## Aim of the exercise
Copy word for word the line containing "Игрушка для собак" together with all lines following it to the end of the listing below, without the pictures.

## Provided data
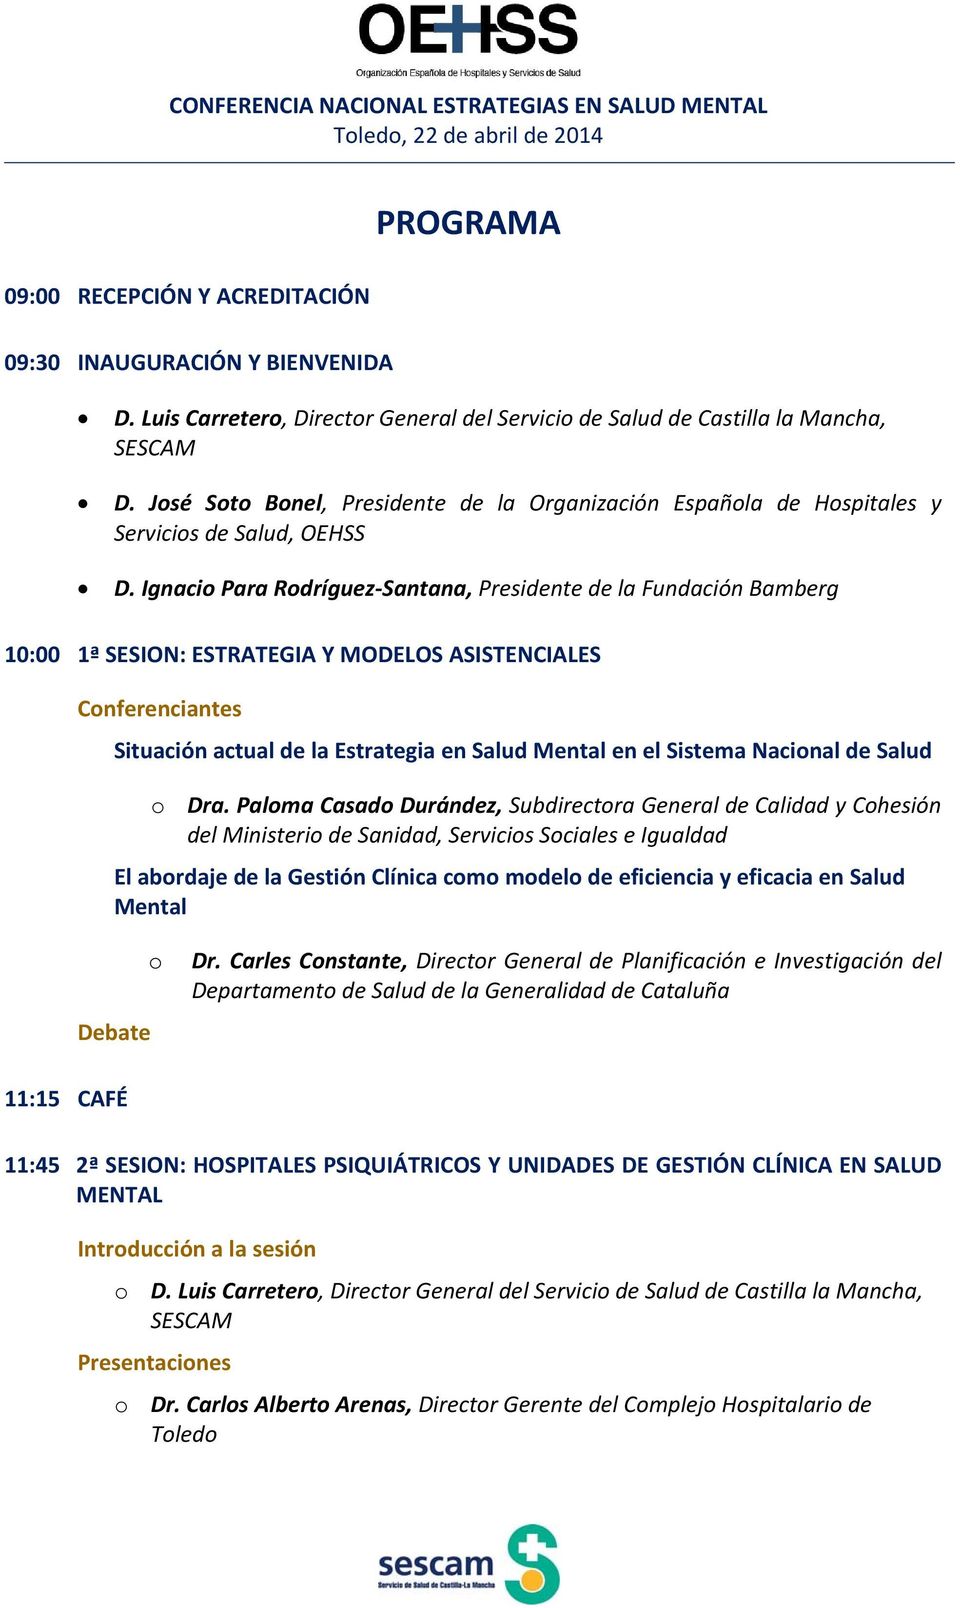 Ignacio Para Rodríguez Santana, Presidente de la Fundación Bamberg 10:00 1ª SESION: ESTRATEGIA Y MODELOS ASISTENCIALES Conferenciantes Situación actual de la Estrategia en Salud Mental en el Sistema
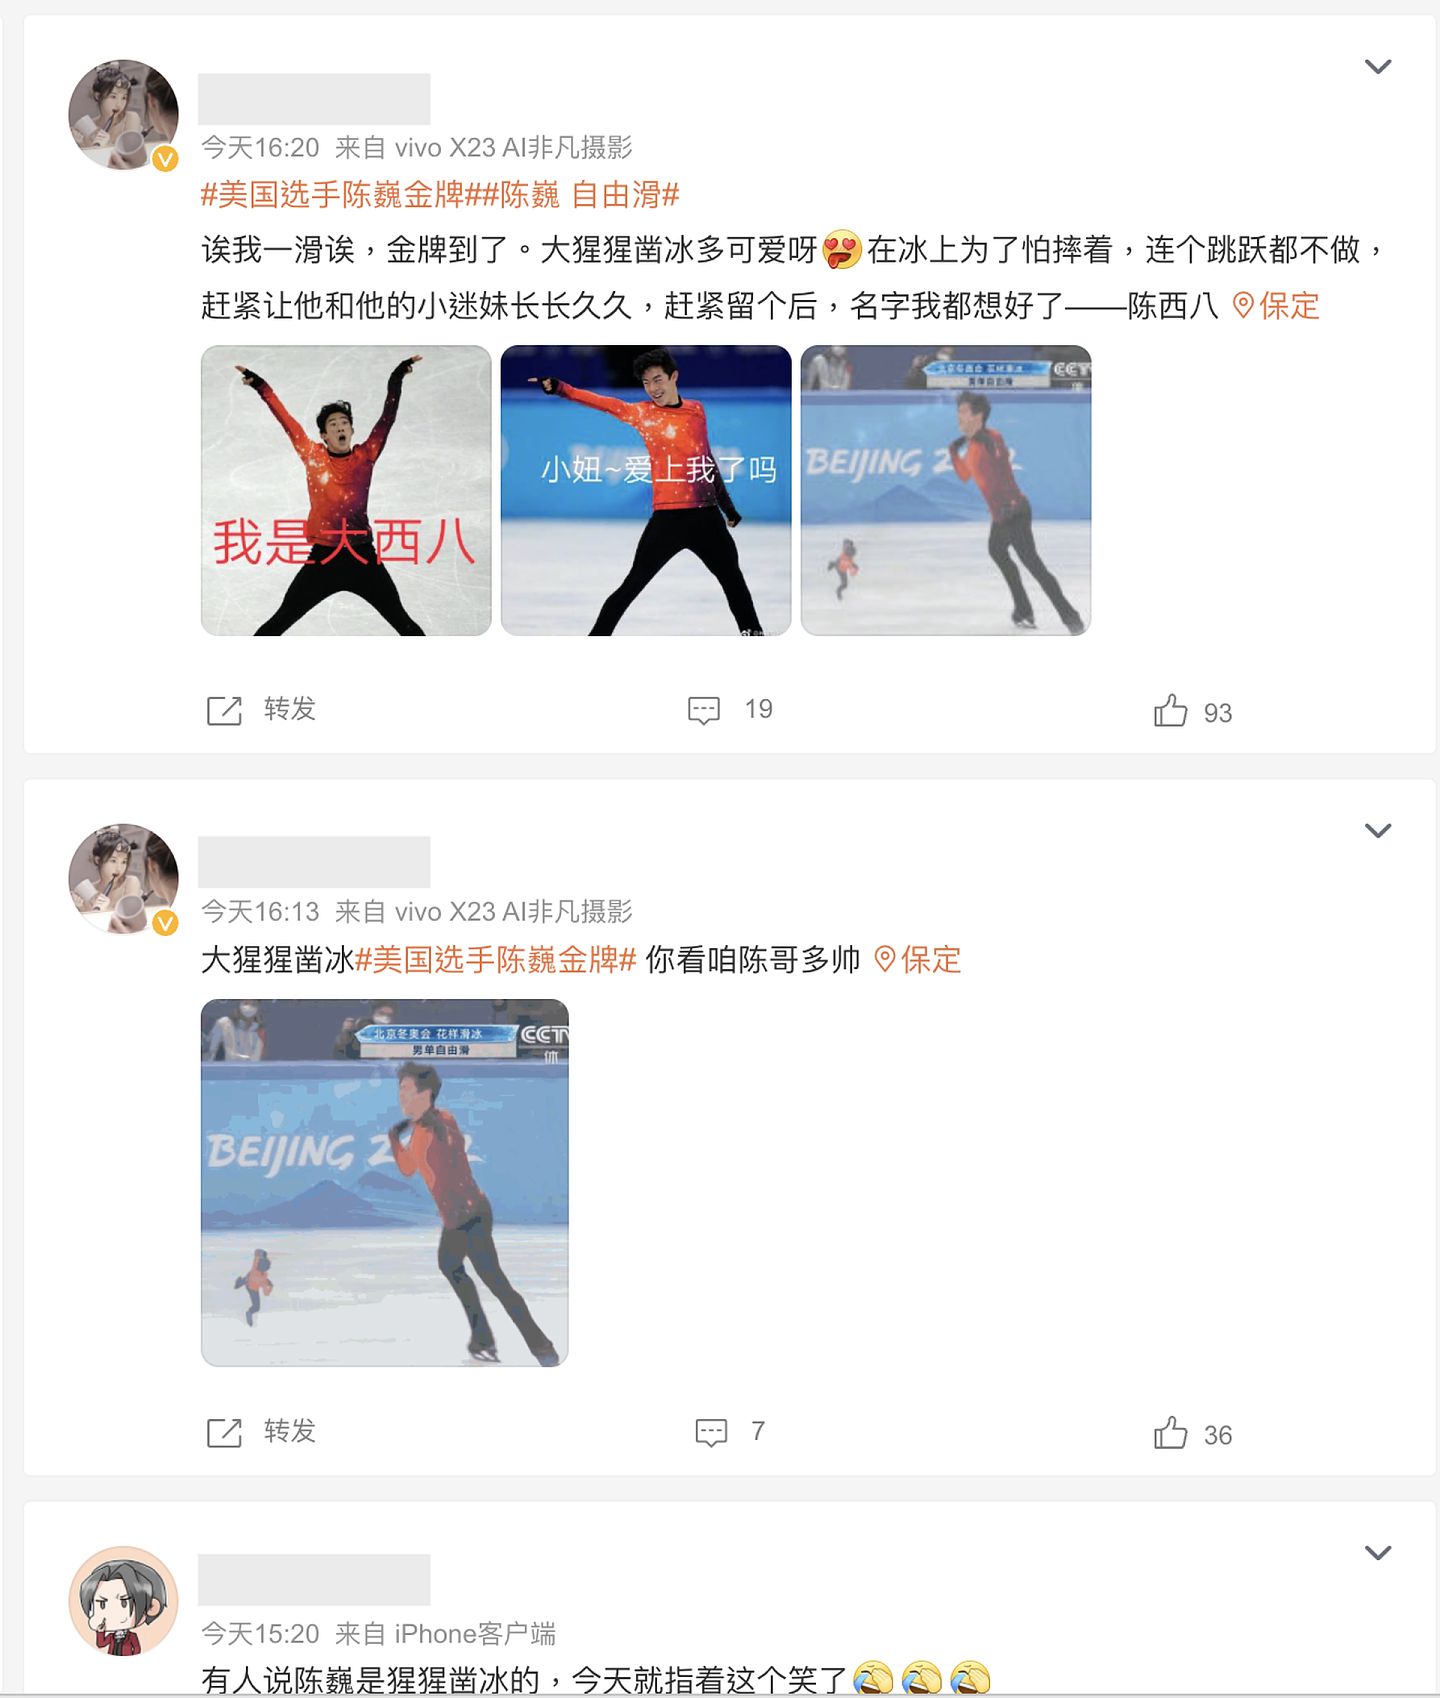 陈巍的比赛表现被部分中国网民讥讽是“猩猩凿冰”。（微博截图）
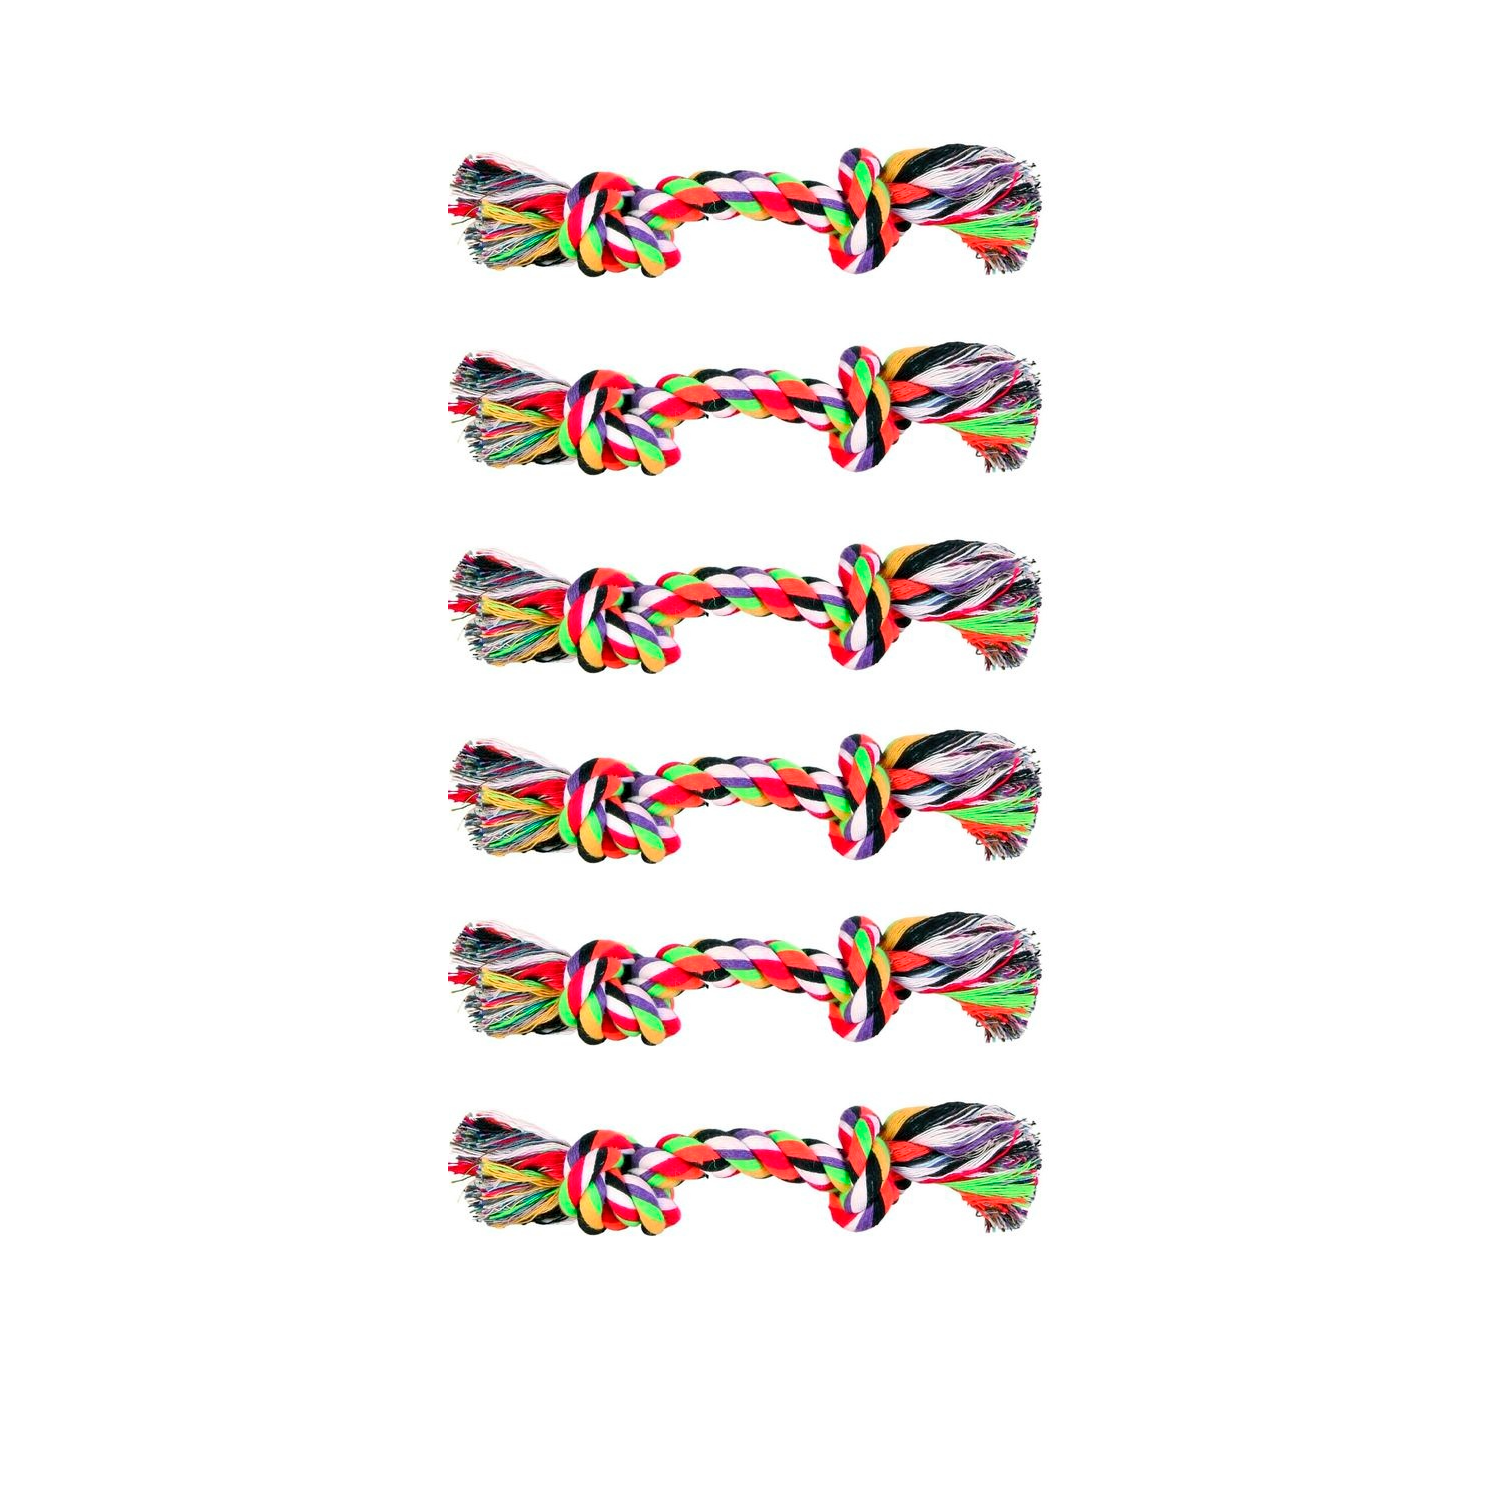 Игрушка для собак TRIXIE Веревка с 2-мя узлами, цветная, хлопок 25г, 15см, 6 шт
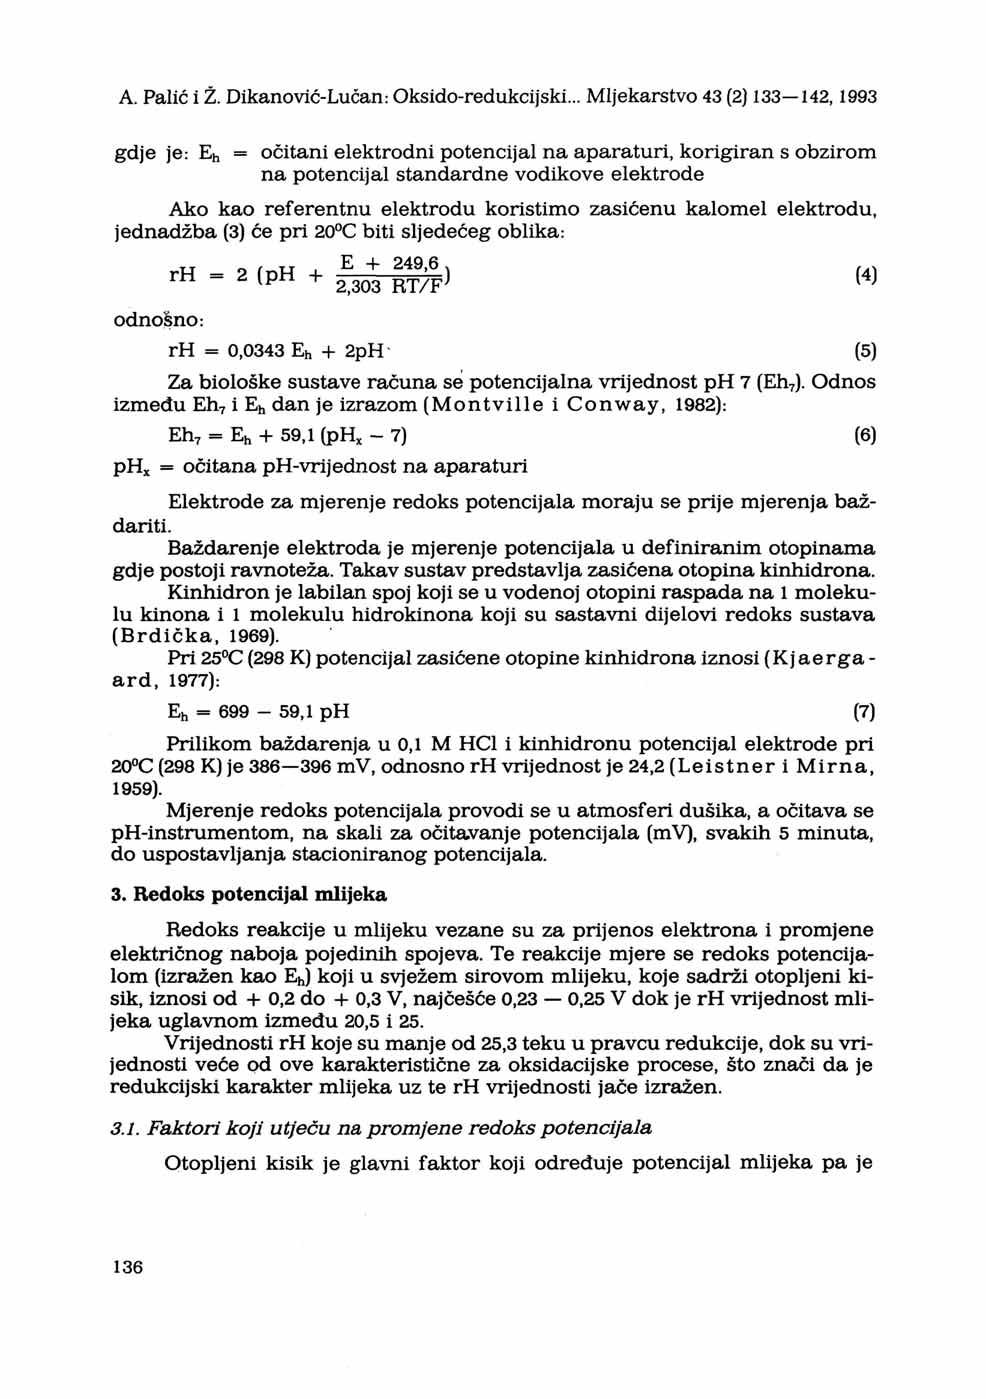 A. Palić i Ž. Dikanović-Lučan: Oksido-redukcijski.

## Written solution
 Игрушка для собак TRIXIE Веревка с 2-мя узлами, цветная, хлопок 25г, 15см, 6 шт
 A. Palić i Ž. Dikanović-Lučan: Oksido-redukcijski.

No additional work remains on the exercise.